Rant #356: America's Mom Says Goodbye





Barbara Billingsley died over the weekend. She was in her 90s.

To the baby boomer generation, Billingsley was certainly America's mom. Her role of June Cleaver on "Leave It To Beaver" defined what the ideal mother was in the late 1950s: quiet, demure, understanding ... and doing it all wearing pearls.

She was the quintessential mom. Sure it was nothing more than a fantasy, but that role really defined 1950s motherhood, or perhaps defined how it should be in our fantasies.

Everyone who is a mother, or, for that matter, is a father, knows that the June Cleaver character was just that, a character.

No mother, and for that matter, no father, could be as perfect as June and Ward Cleaver.

It's funny, but what made that show as great as it was were the imperfections of its title character, Theodore "Beaver" Cleaver. Next to brother Wally (Tony Dow), Beaver (Jerry Mathers) was imperfect. Wally was the good-looking football hero type, Beaver was the wannabe.

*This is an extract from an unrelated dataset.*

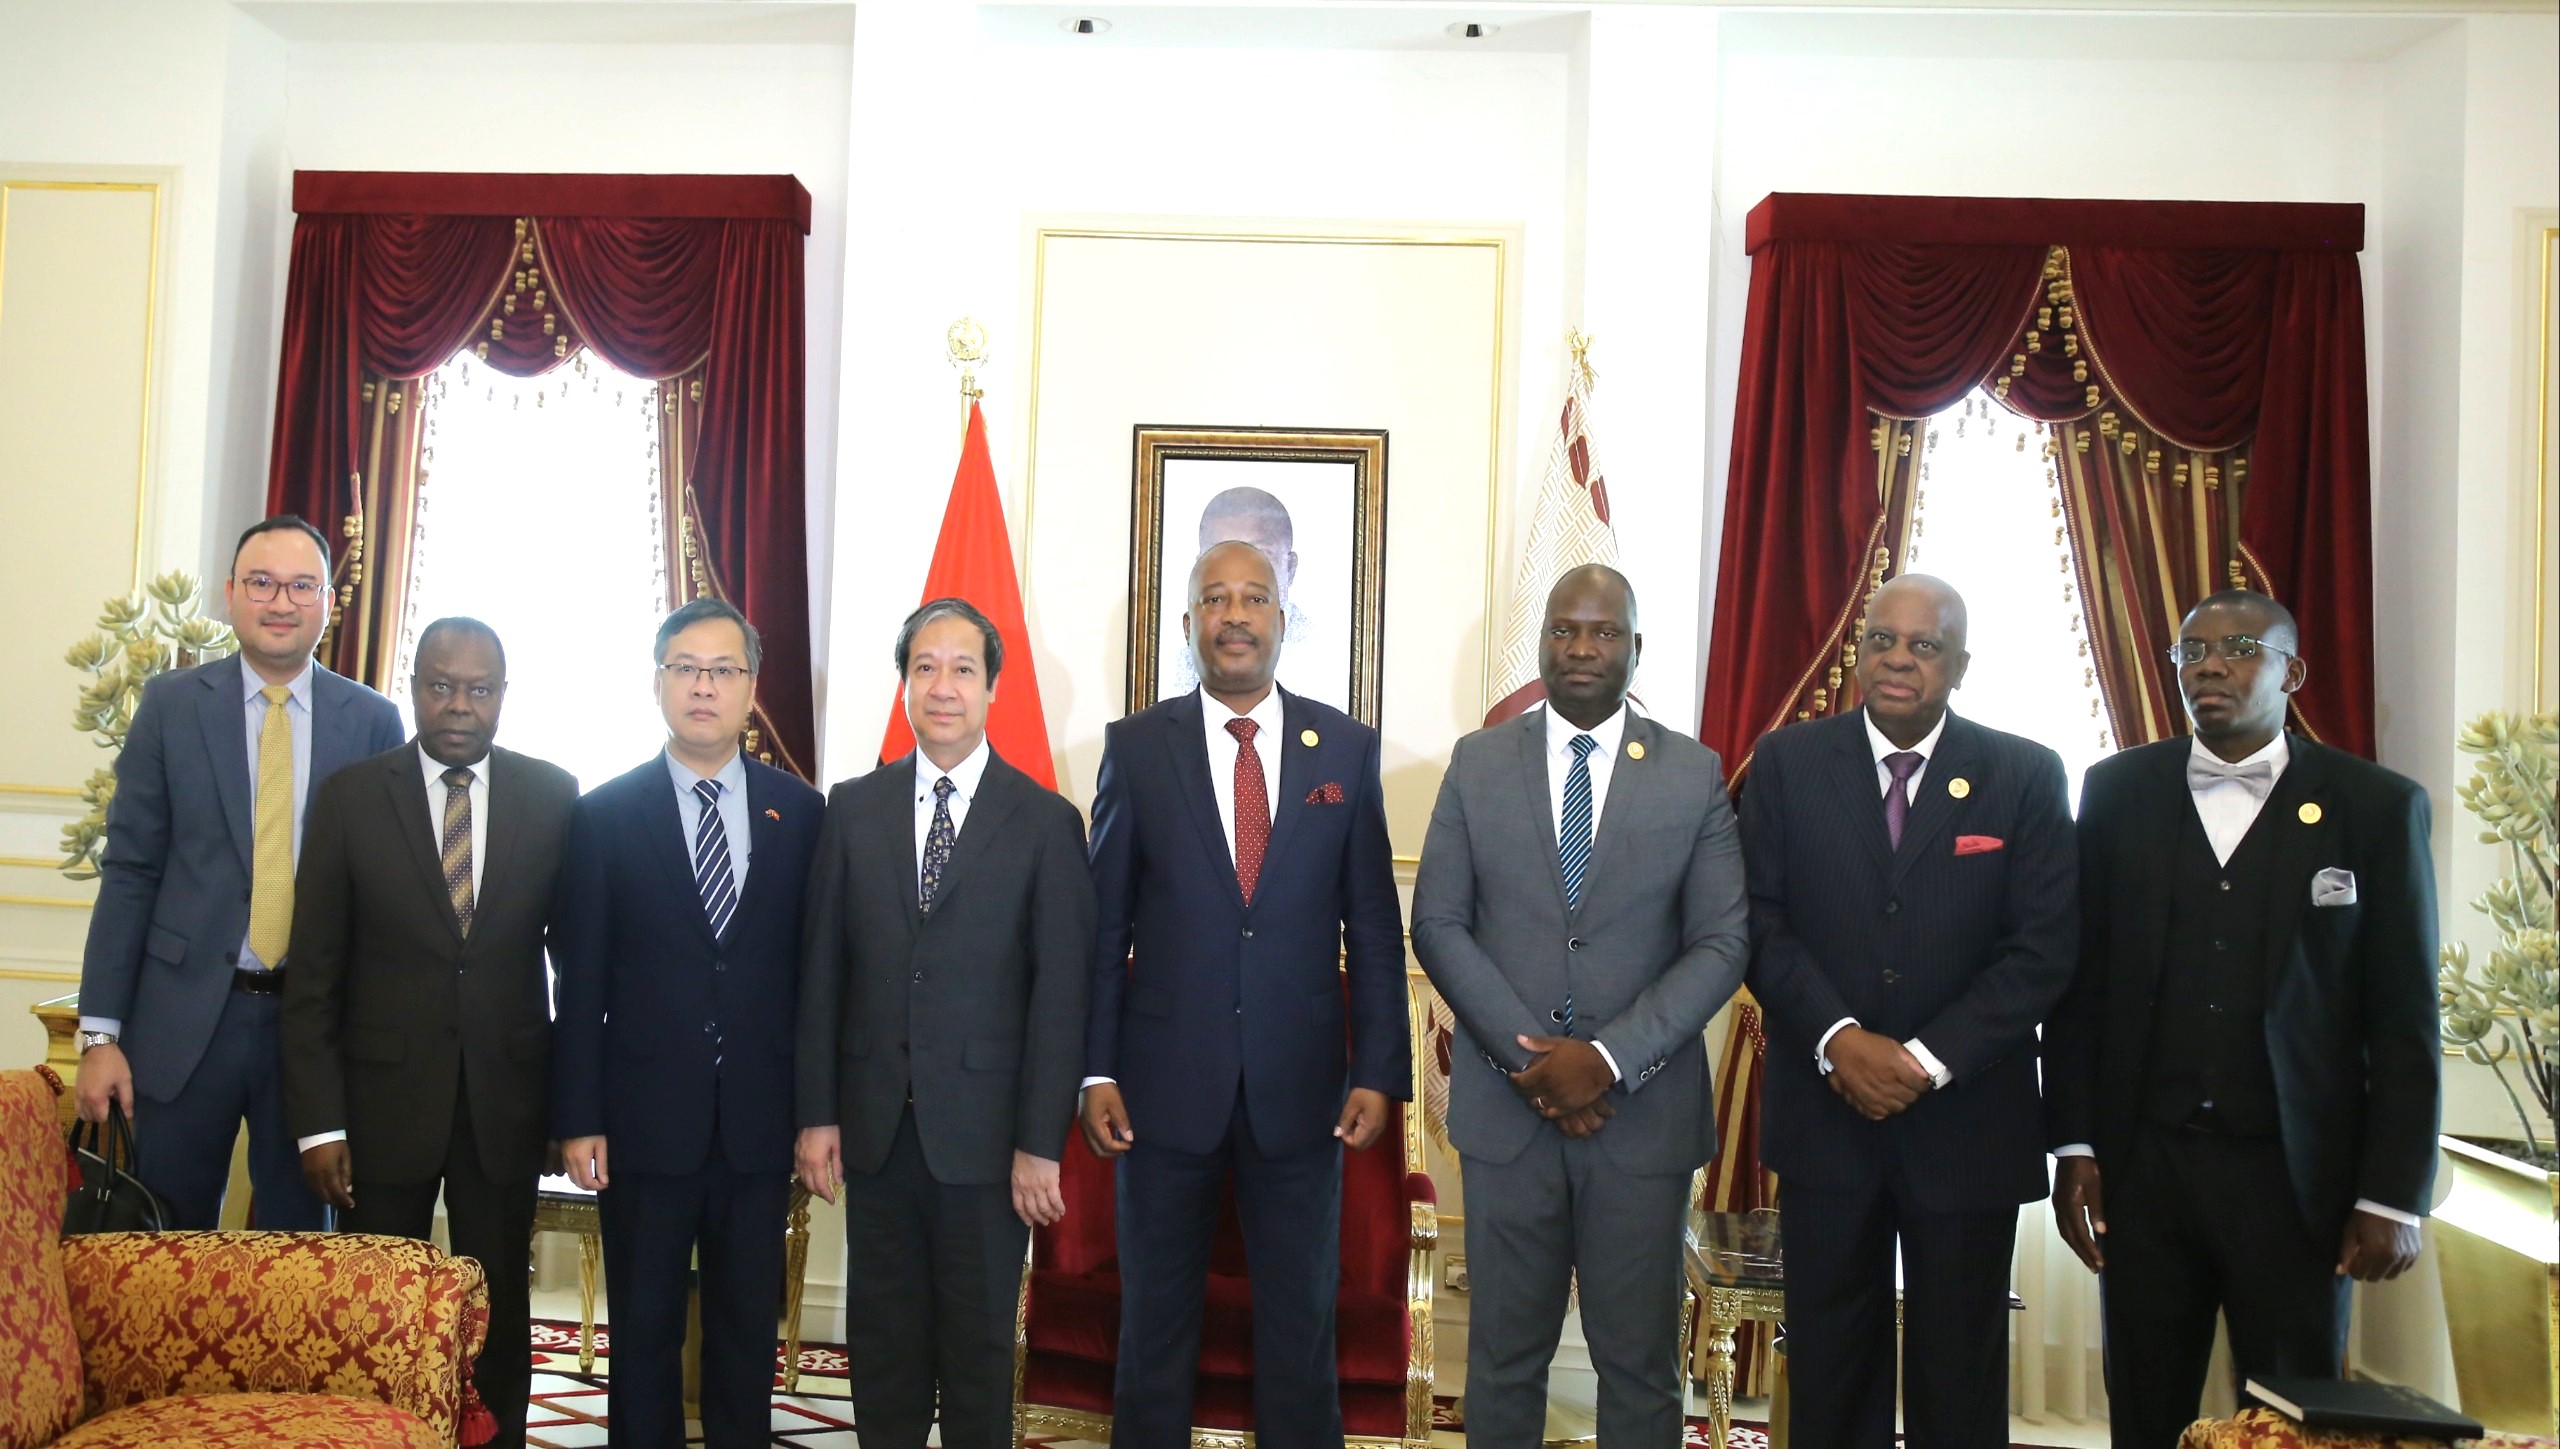 Phó Chủ tịch Thường trực Quốc hội Angola Américo António Cuononoca (thứ 4, từ phải sang) chụp ảnh lưu niệm với Bộ trưởng Nguyễn Kim Sơn.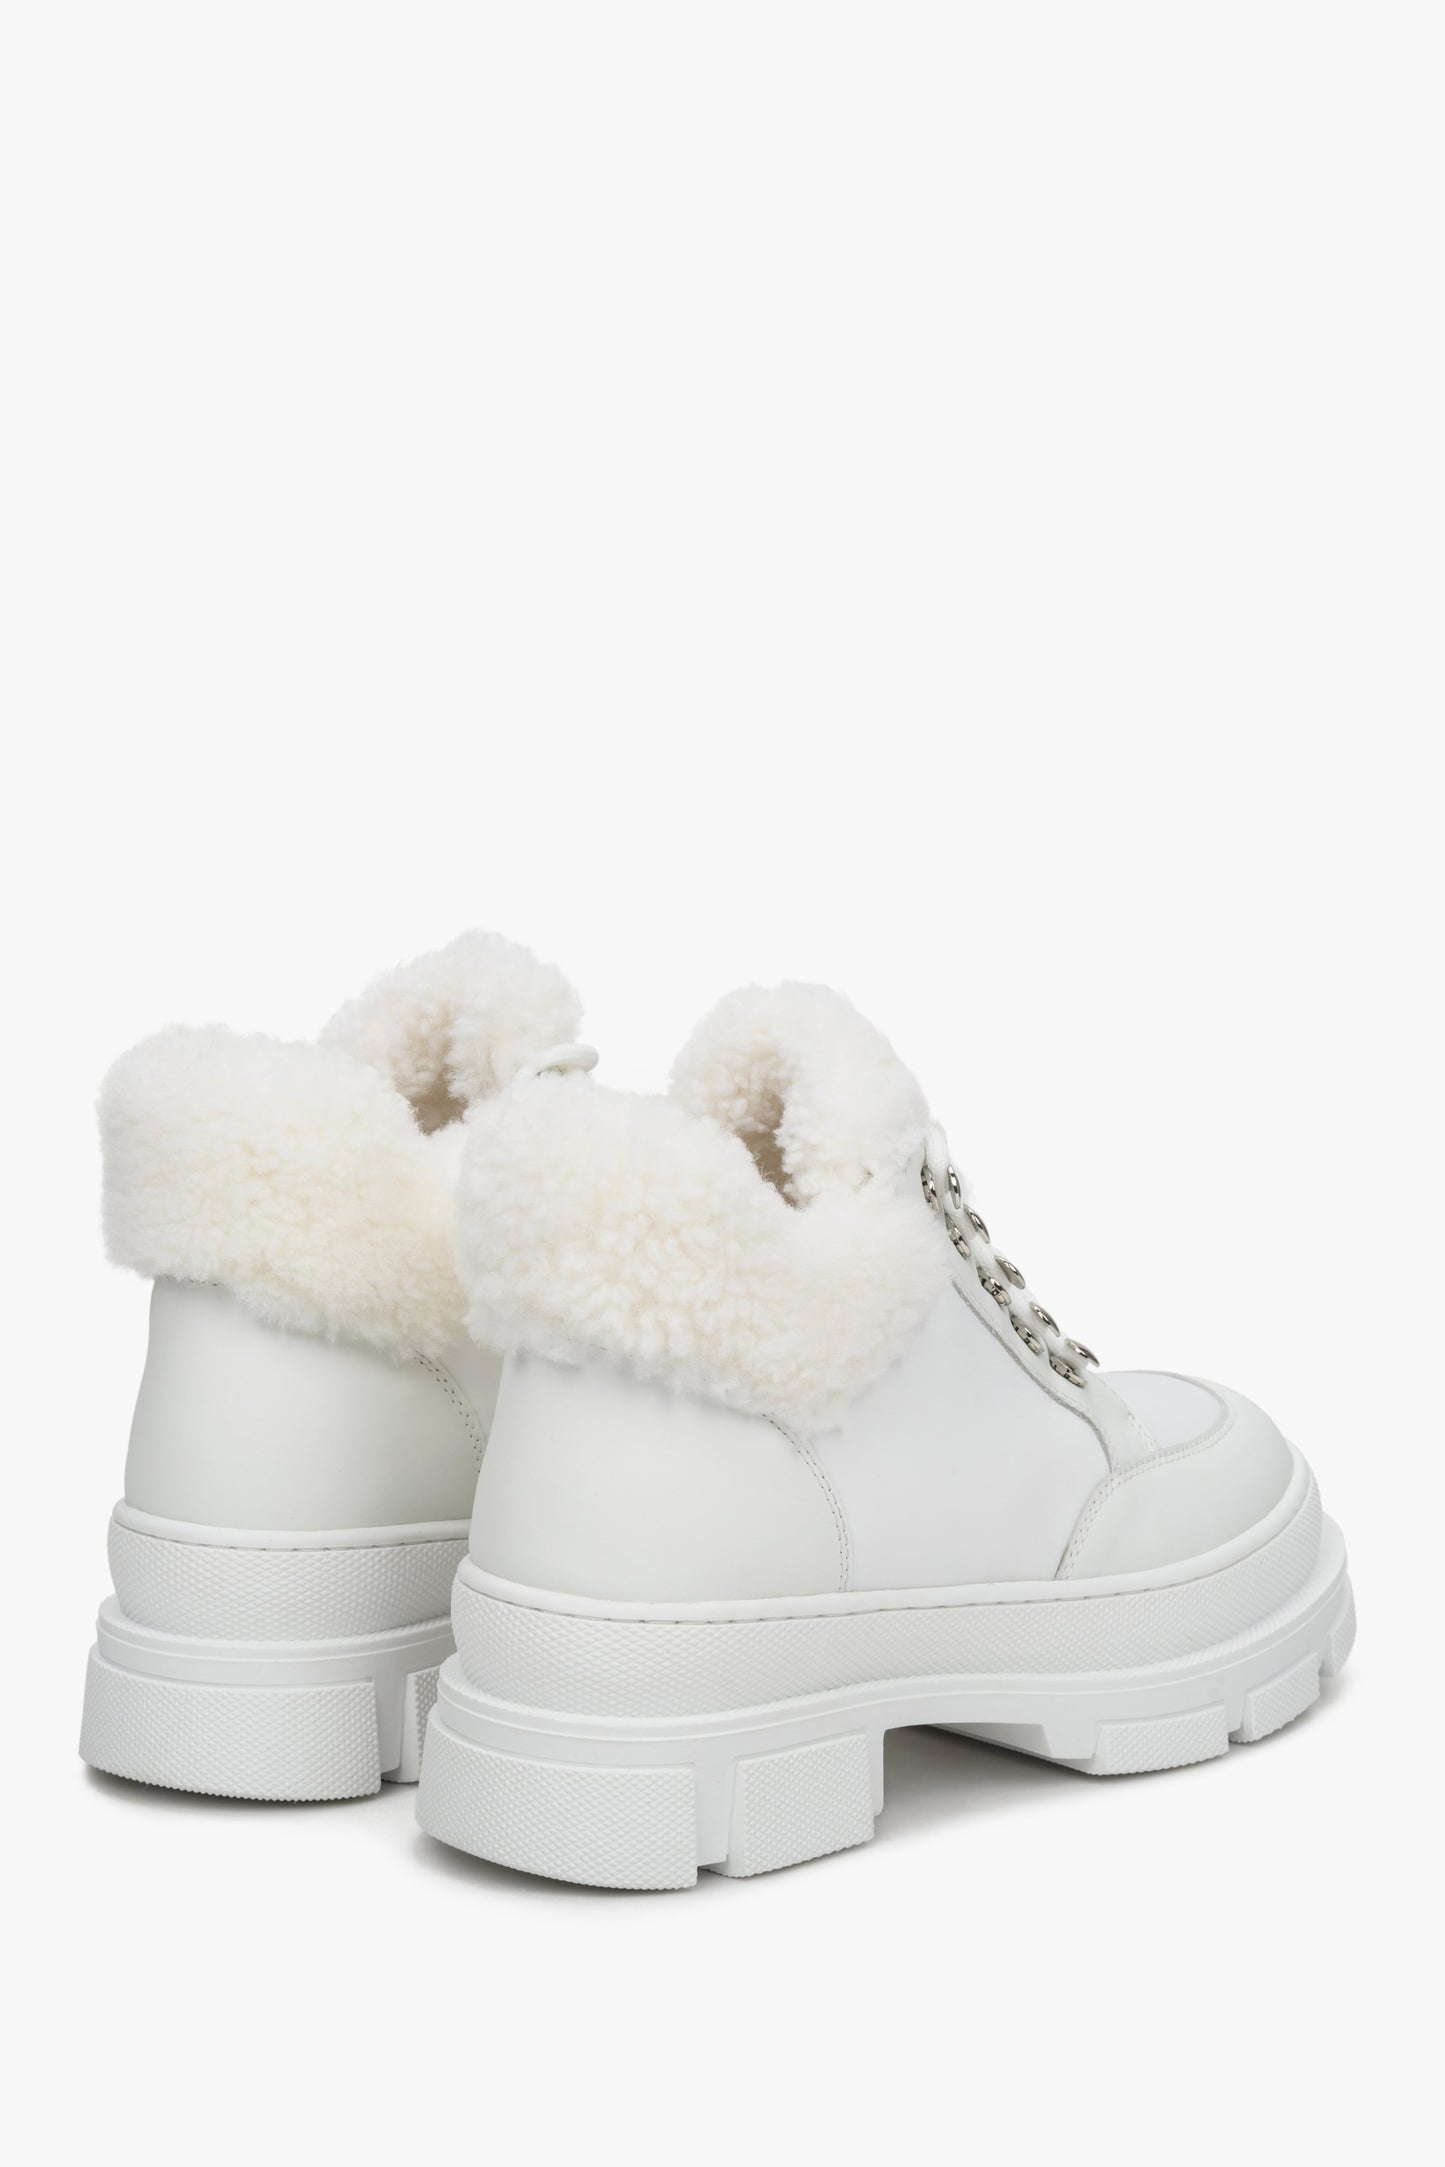 Białe botki damskie ze skóry naturalnej na zimę z futrem naturalnym - boczna i tylna część butów.

In fact, the reason little Teddy was called Beaver was because Wally, as the story goes, couldn't pronounce Theodore as a young child, and it came out Beaver.

Only on TV, huh?

While Ward was the stern, but understanding, leader of the Cleaver clan, June was its rock-solid foundation. Sure, she rarely became that angry where she would yell, but even without yelling, when Wally and the Beav did things wrong, her glance was enough to make the boys reconsider what they did.

And she did it all wearing pearls.

Ward, played by Hugh Beaumont, was a minister in real life, a religious man who insisted that religious values be the focus of the show, but smartly, he didn't want these values to be smacked on the head of the viewer. He wanted those values to come out in the storylines, and even though they were subtle, the values of brotherhood, understanding, and forgiveness all were discussed in the show's episodes.

These aren't necessarily religious values, per se, but they are values that we all can live by. And the show dealt with those themes and many others during its run.

Looking back, June Cleaver was something of a minor, but highly necessary, character in the show. The kids needed a mom, Ward needed a wife (this was before "My Three Sons" changed the whole sitcom landscape), and the kids needed both of them to present a strong nuclear family.

But Billingsley made her June Cleaver character unforgettable. When people praise the 1950s--or deride it--the June Cleaver character invariably comes up, both positively and negatively.

And that was the strength of the character. Sure, everyone knew she wasn't real, but everyone saw their own mother in her portrayal, or at least what they perhaps wanted their mother to be.

And you can credit Billingsley with that. She knew what she wanted to do with the character, and did it.

R.I.P., Barbara, you enriched our lives forever.